• **WORK TASK**: In your copy of the data, omit the pictures and keep all else exactly as given.

• **GIVEN INFORMATION**:
══════════

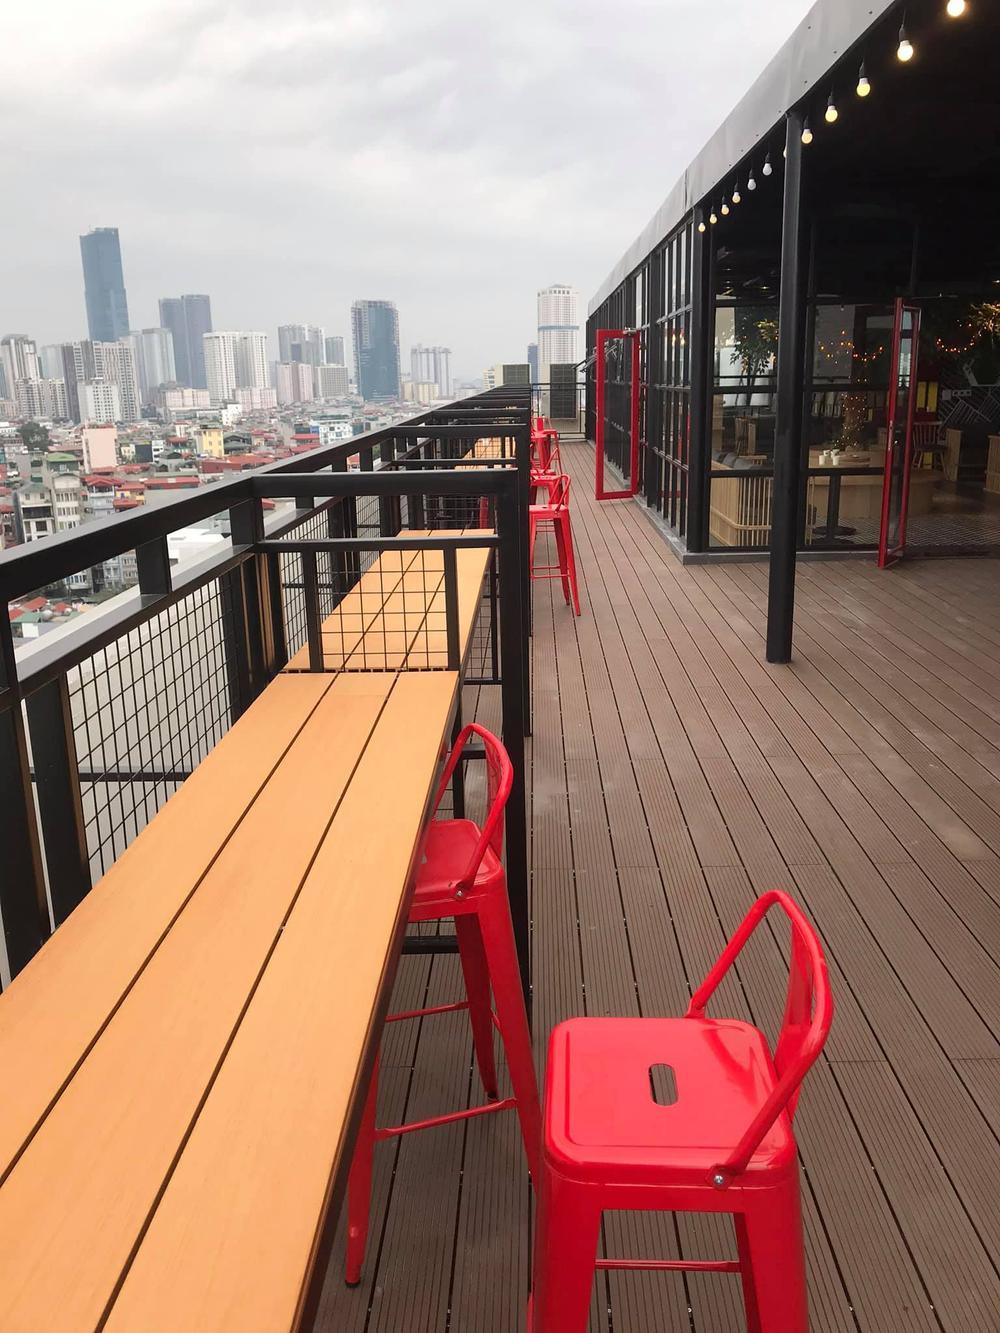 Sang chảnh như 'trường người ta', đầu tư hẳn quán cafe - bar rooftop khiến sinh viên háo hức Ảnh 5
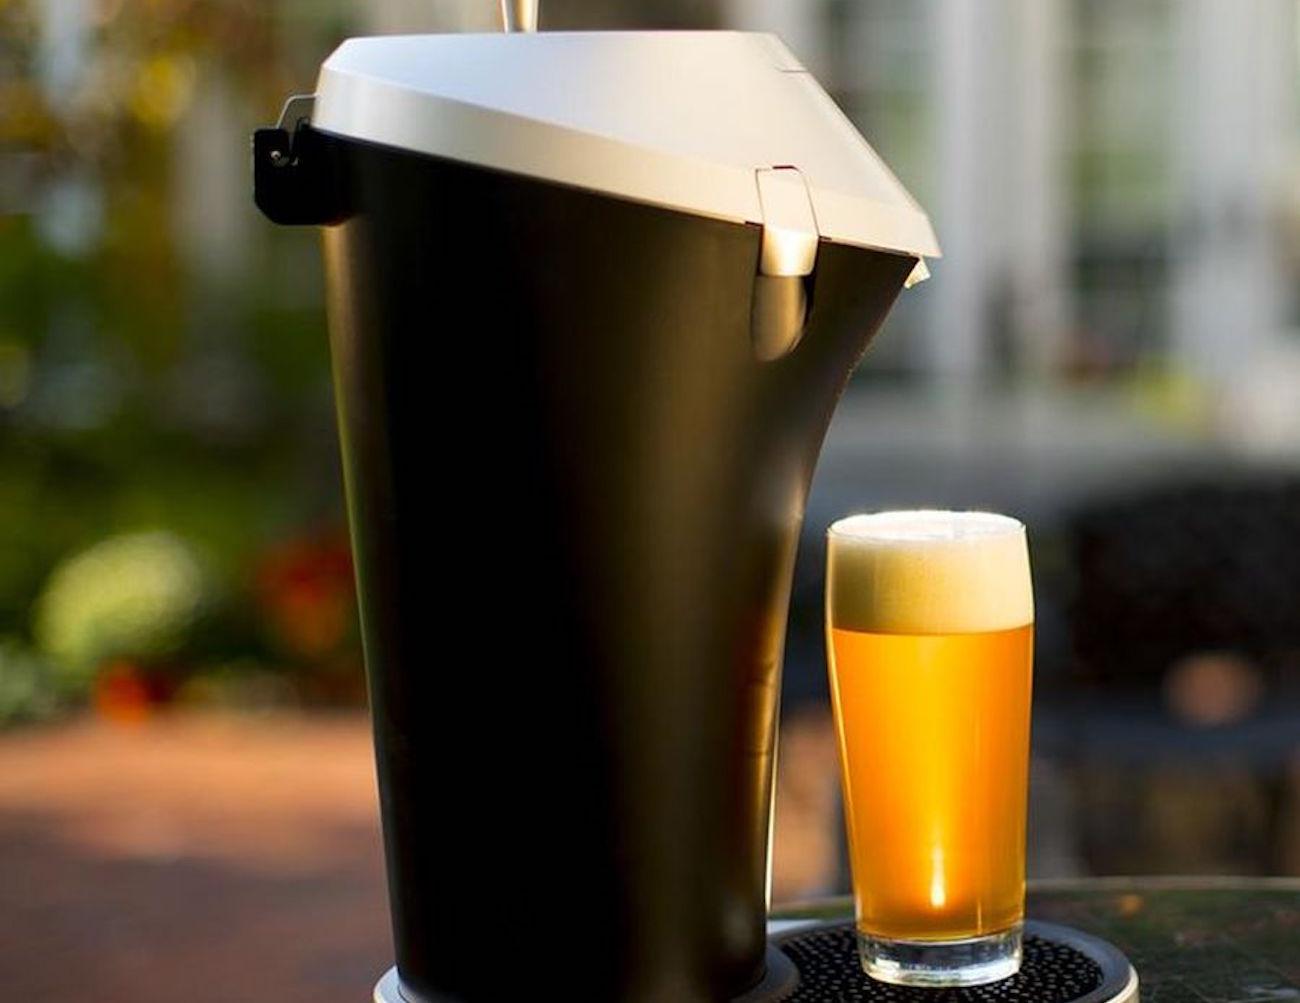 FIZZICS BEER SYSTEM
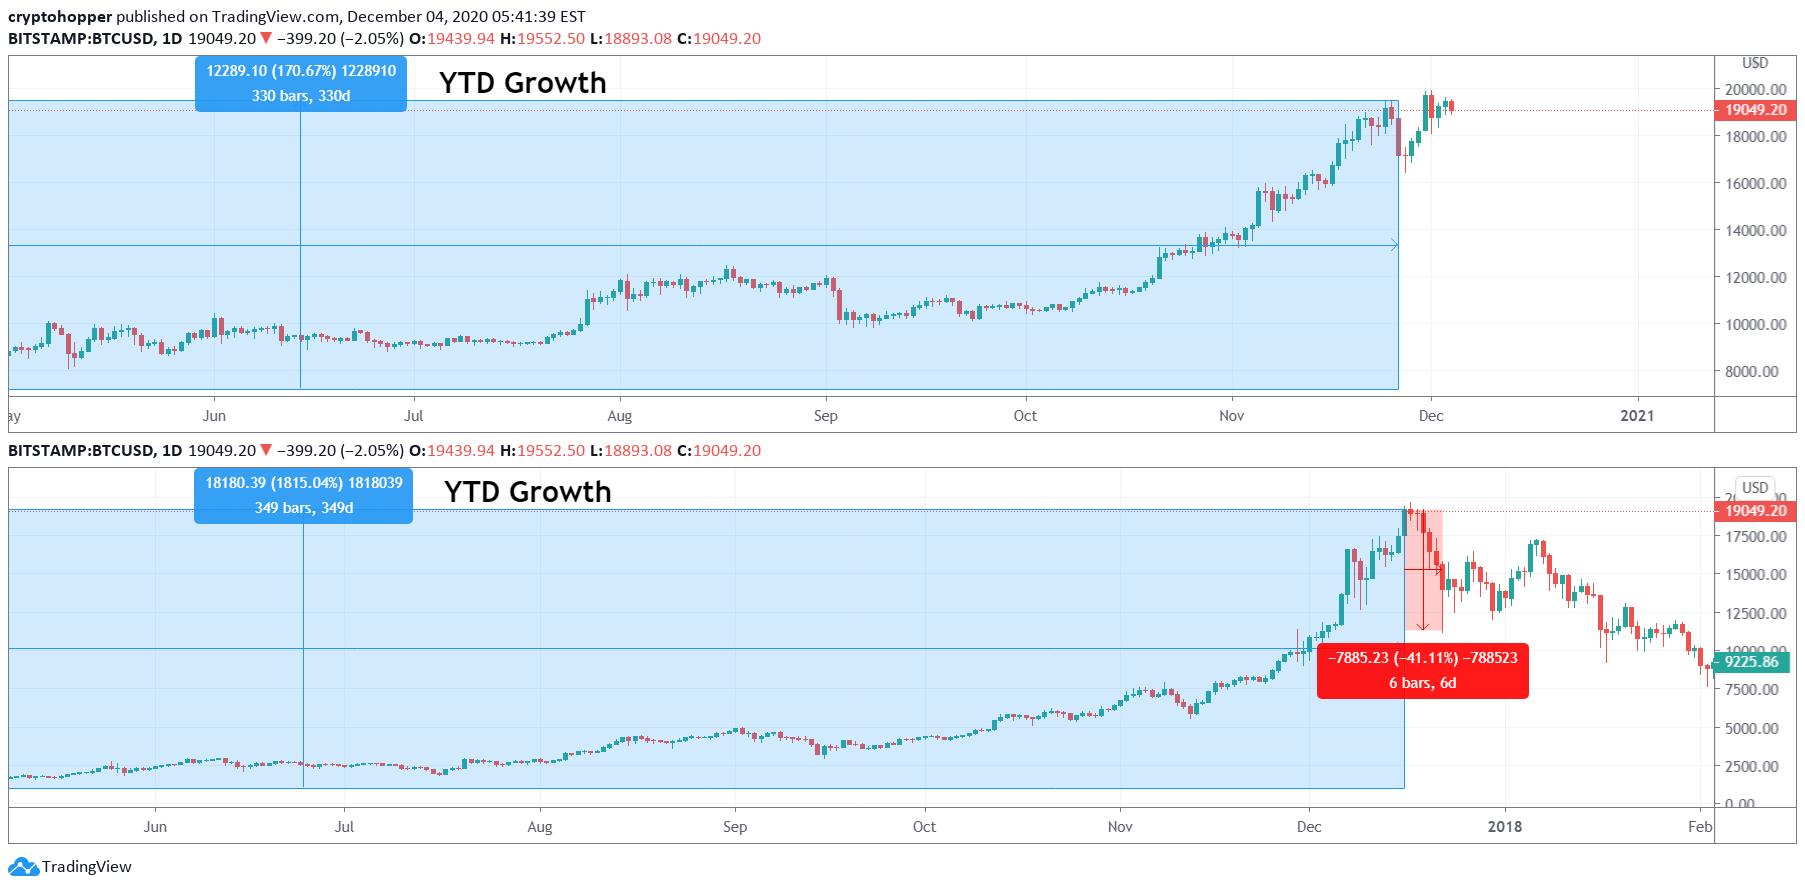 Comparație de schimb: Kraken vs Bitstamp - Dobrebit Coin

══════════

• **TASK RESULT**:
 Sang chảnh như 'trường người ta', đầu tư hẳn quán cafe - bar rooftop khiến sinh viên háo hức Ảnh 5
 FIZZICS BEER SYSTEM
 Comparație de schimb: Kraken vs Bitstamp - Dobrebit Coin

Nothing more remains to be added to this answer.